First, much more remains to be written about the actual activities of the DEA in Mexico. At the time of responding to this question, the DEA maintains 11 offices and dozens of agents working in Mexico, thereby continuing to wage the war on drugs down south (the title of the article). Very little is known about these agents’ activities, their main contacts, and their strategies. A research effort between journalists and scholars could inquire into these issues. The work of Ginger Thompson recently published in ProPublica shows the way to go.

Second, in relation to the history of DEA’s presence in Mexico, further research still needs to uncover the social and political consequences of their activities. Admittedly, we still know very little about their activities in Mexico and the rest of Latin America since 1973. However, as new archives get declassified, new areas of research open. In addition to new case studies as the one offered in my article, I would love to see more comparative work (what was different/similar about the DEA’s work in Mexico, Afghanistan or Argentina? What distinguished the transgovernmental relations with local actors established by DEA agents and the ones developed by CIA officials?), and a more comprehensive analysis on the unintended consequences of the activities of the agency at a regional and global scale.

Finally, the role of local actors in the construction of the war on drugs should be acknowledged, identified and unpacked.
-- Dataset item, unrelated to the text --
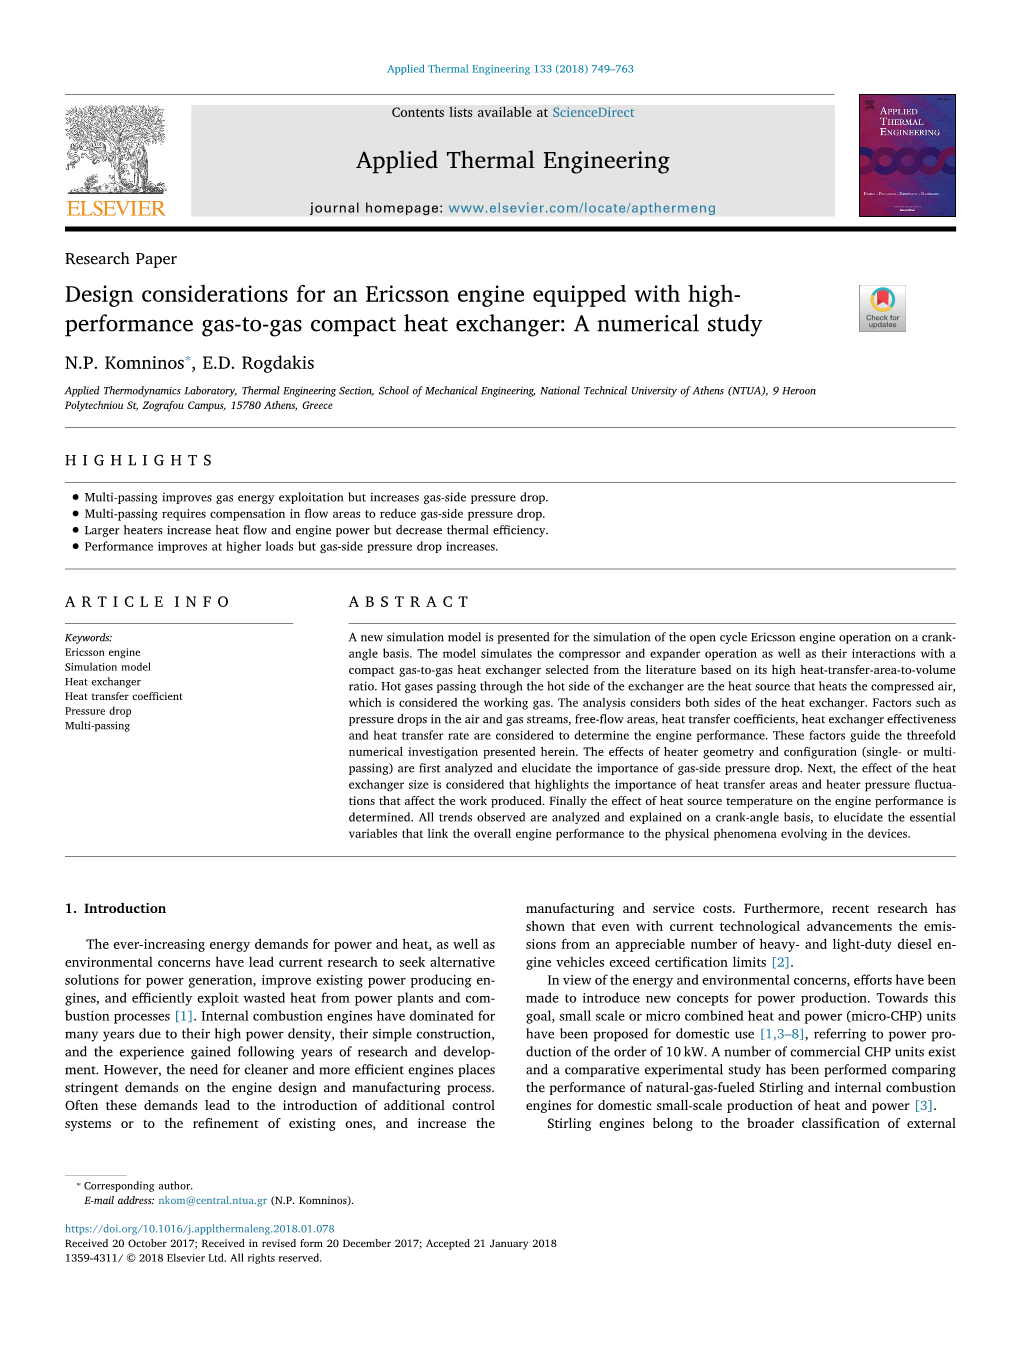 Design Considerations for an Ericsson Engine Equipped with High- T Performance Gas-To-Gas Compact Heat Exchanger: a Numerical Study ⁎ N.P

While the US and its agencies have promoted the enactment of prohibitionist policies throughout Latin America, the reality is that the war on drugs wasn’t driven entirely from Washington, D.C. It is a complex transnational process in which local bureaucracies and conservative elites played a fundamental role as well.

What scholar, living or dead, would you most like to have dinner with?

While writing these responses, I am in lockdown due to the COVID-19 Pandemic. So having dinner with any scholar, even someone from the natural sciences or an historian of 13th century Britain, would be great!